"""

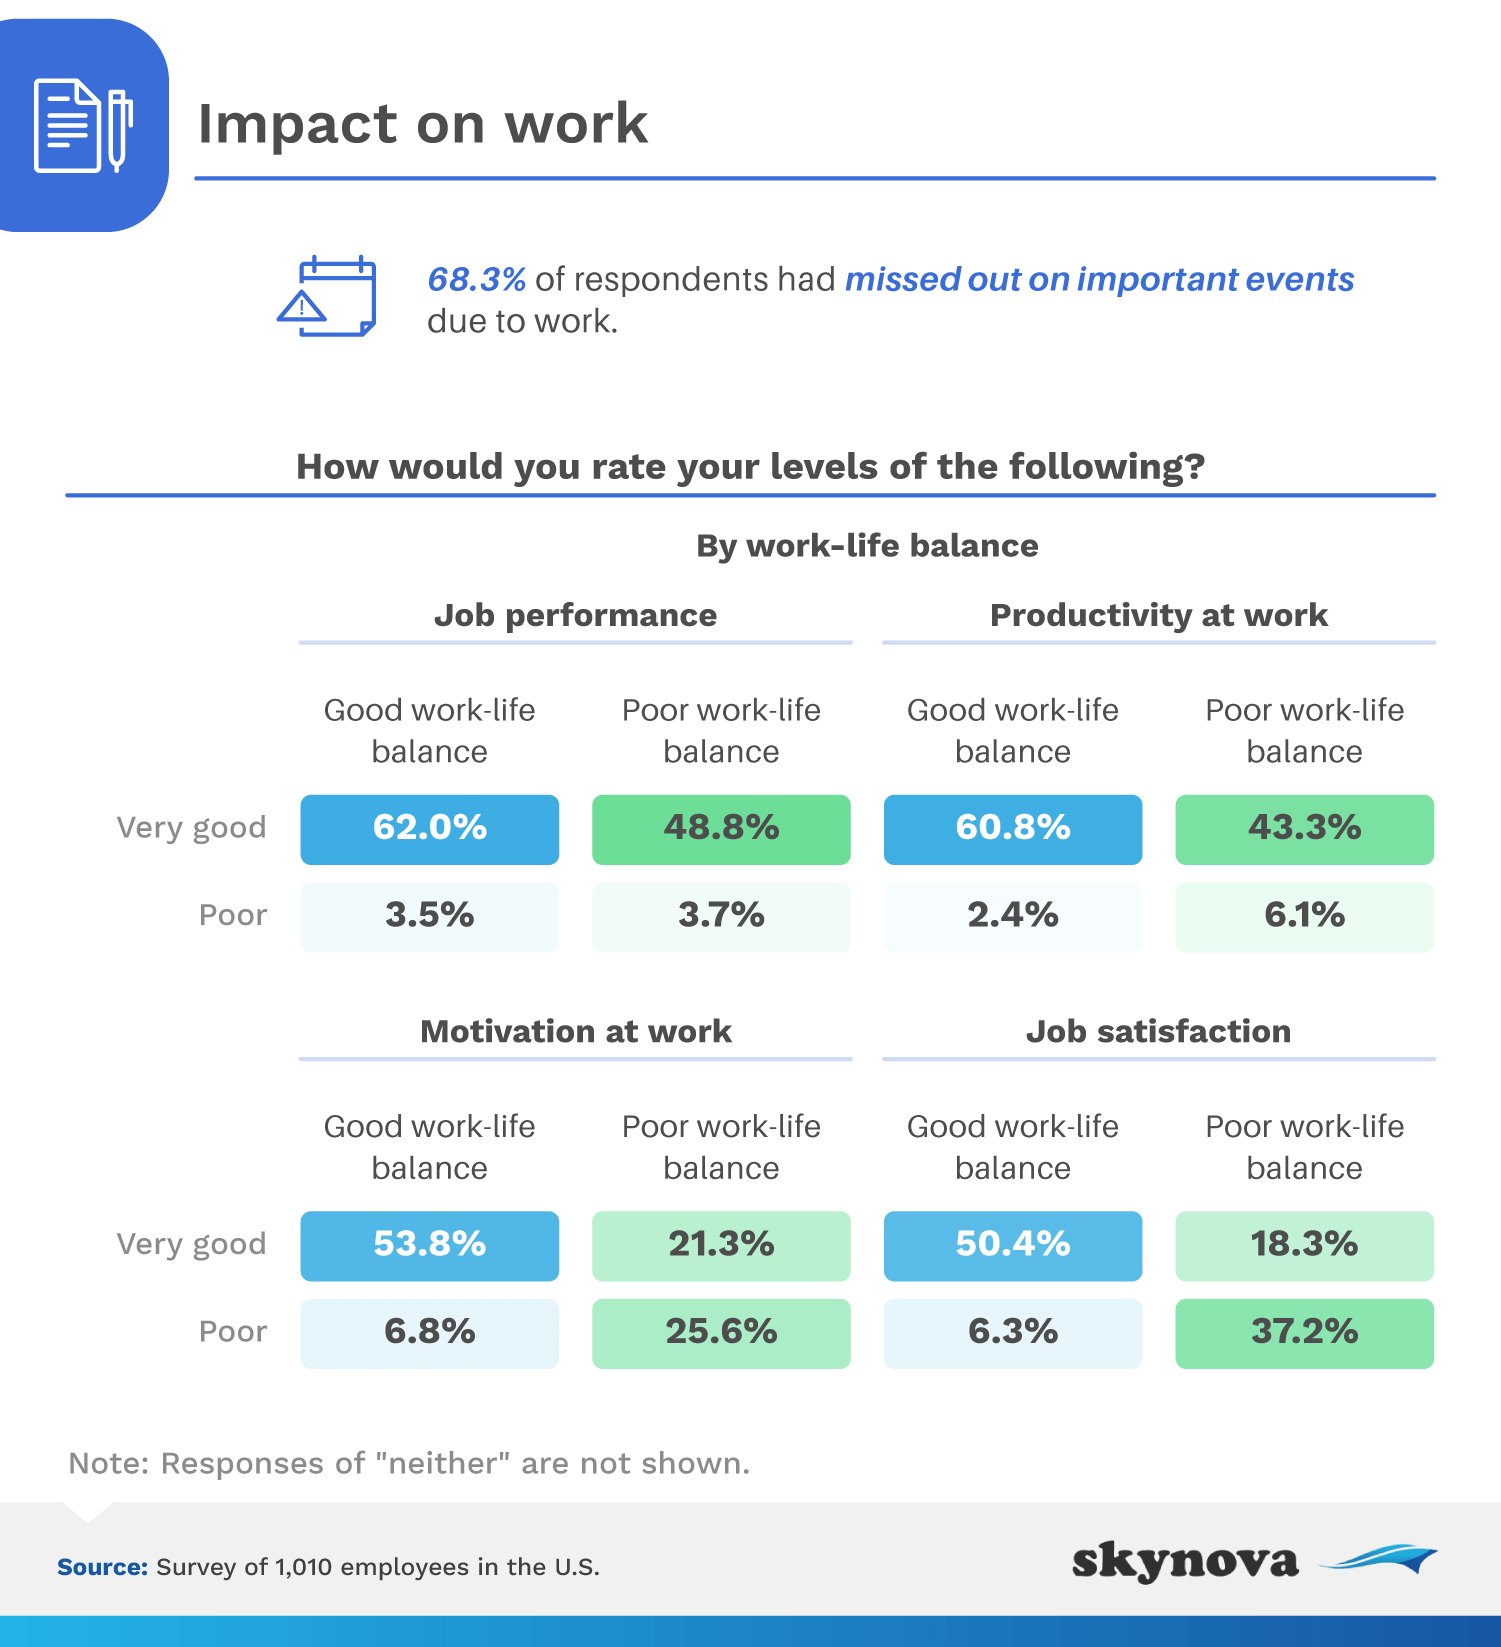 Impact on Work
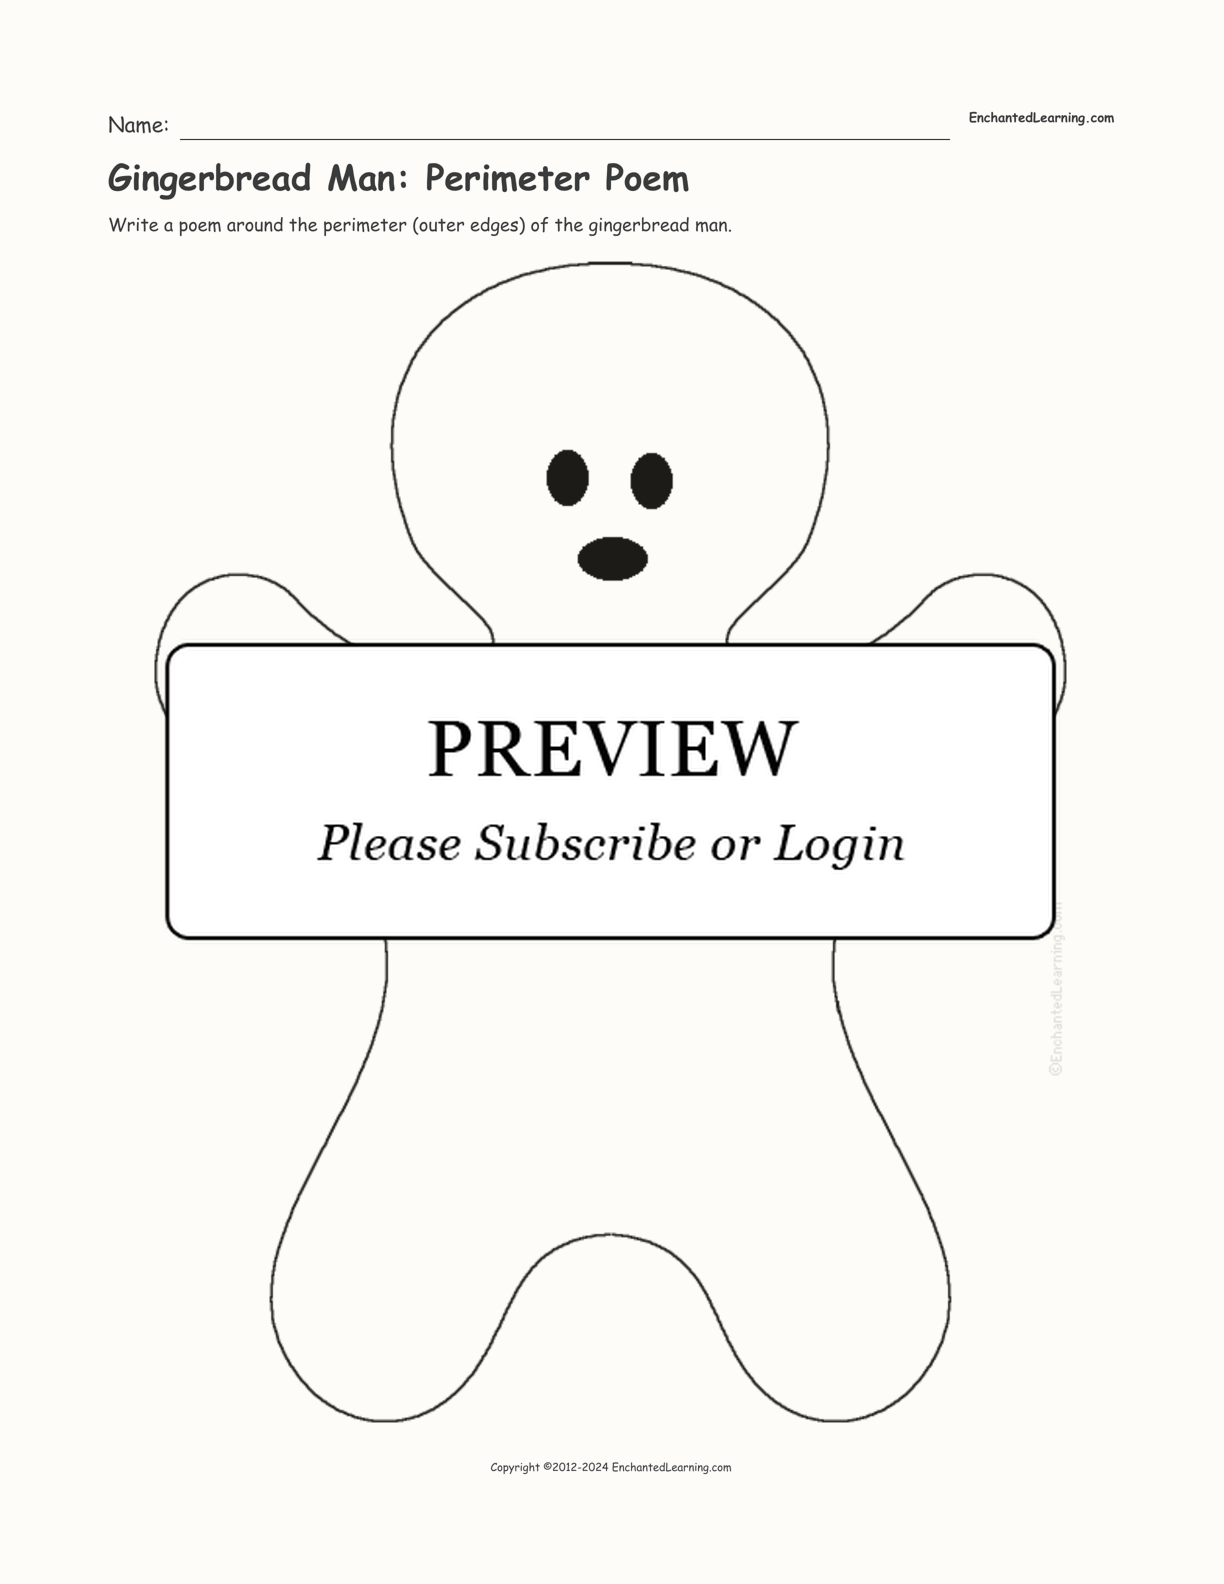 Gingerbread Man: Perimeter Poem interactive worksheet page 1
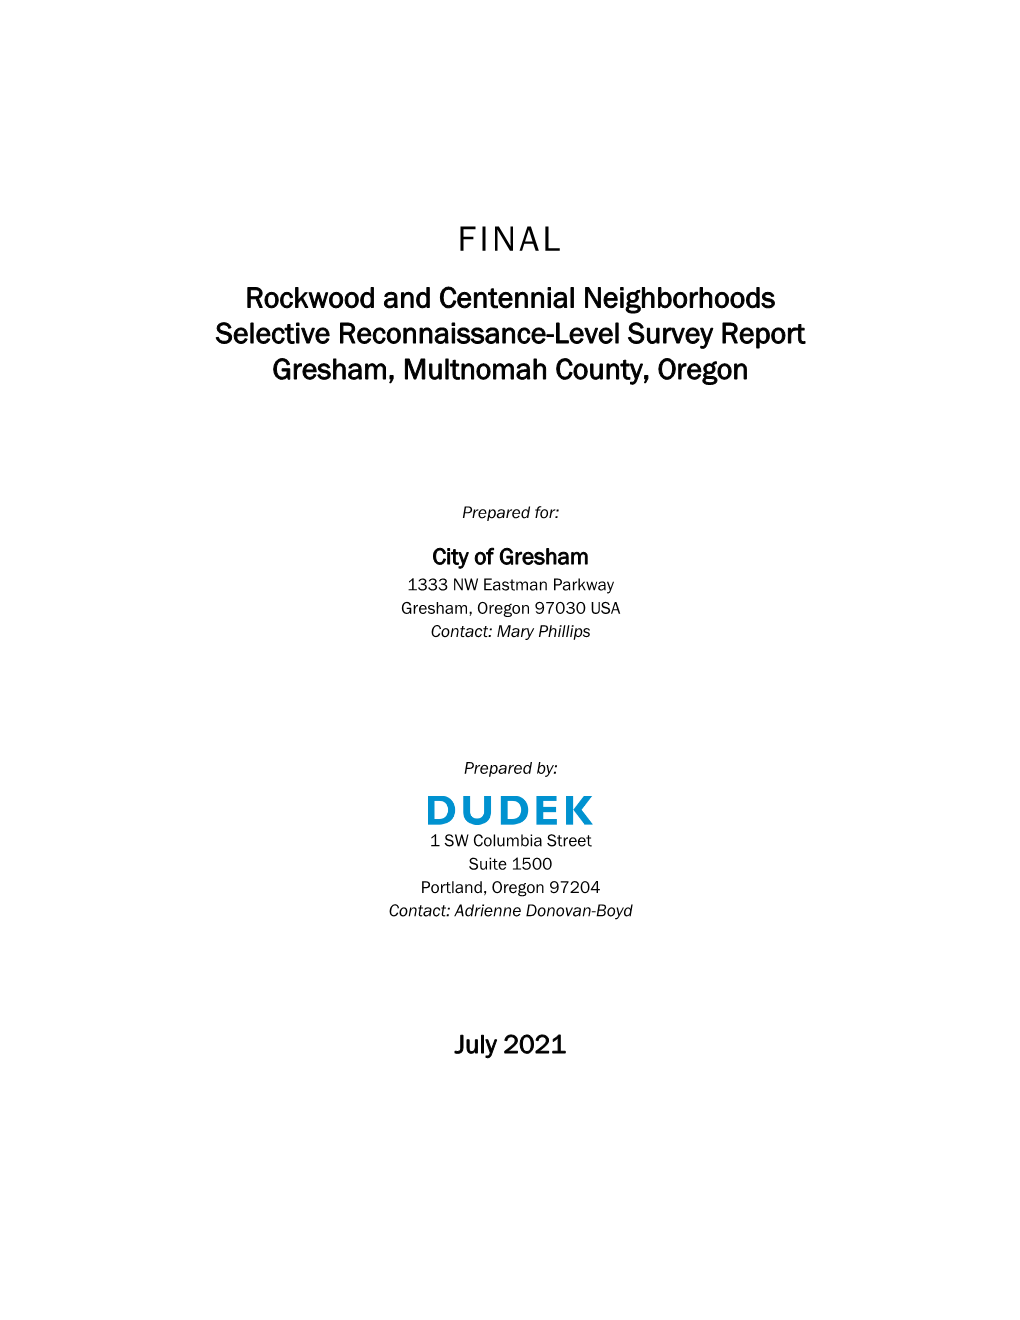 Rockwood and Cenetnnial Survey Report
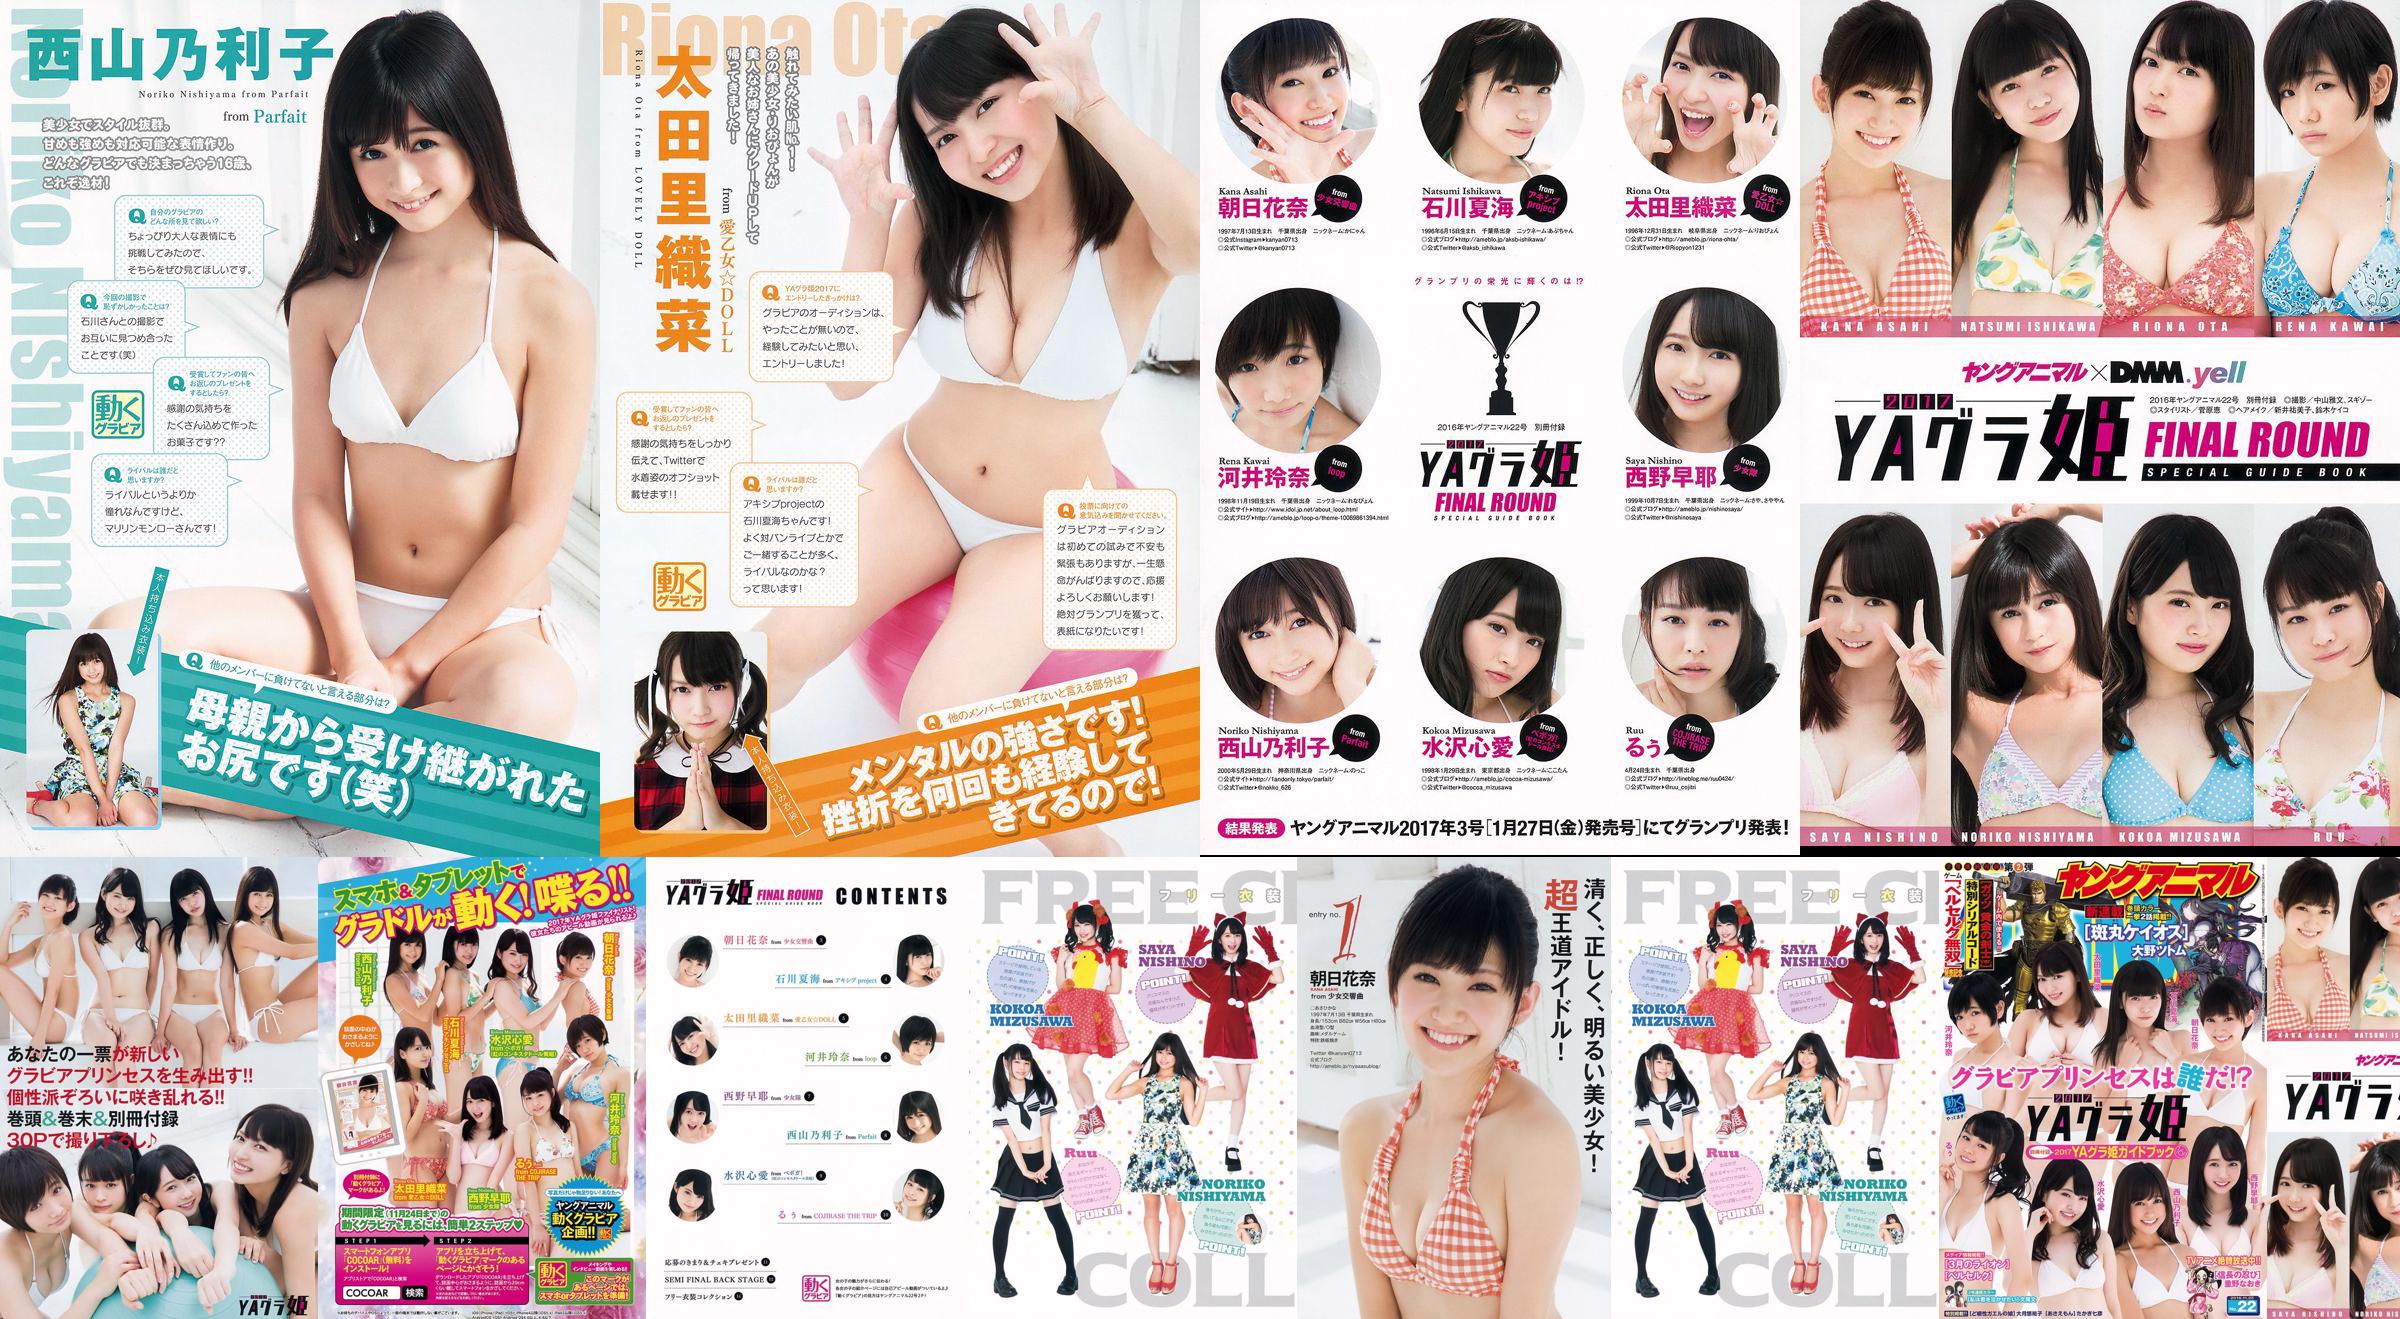 Mizusawa Beloved, Nishiyama Noriko, Nishino Haya, Kawai Reina, Ota Rina, Ishikawa Natsumi, Asahi Hana [น้องสัตว์] นิตยสารภาพถ่ายฉบับที่ 22 ประจำปี 2559 No.268500 หน้า 1

"""

■ YOUR TASK ■
Every line from the one holding "Rockwood and Cenetnnial Survey Report" through the final line of the data above is to be reproduced exactly, both ends included, with the pictures left out.

■ SOLUTION BELOW ■
 Rockwood and Cenetnnial Survey Report
 Mizusawa Beloved, Nishiyama Noriko, Nishino Haya, Kawai Reina, Ota Rina, Ishikawa Natsumi, Asahi Hana [น้องสัตว์] นิตยสารภาพถ่ายฉบับที่ 22 ประจำปี 2559 No.268500 หน้า 1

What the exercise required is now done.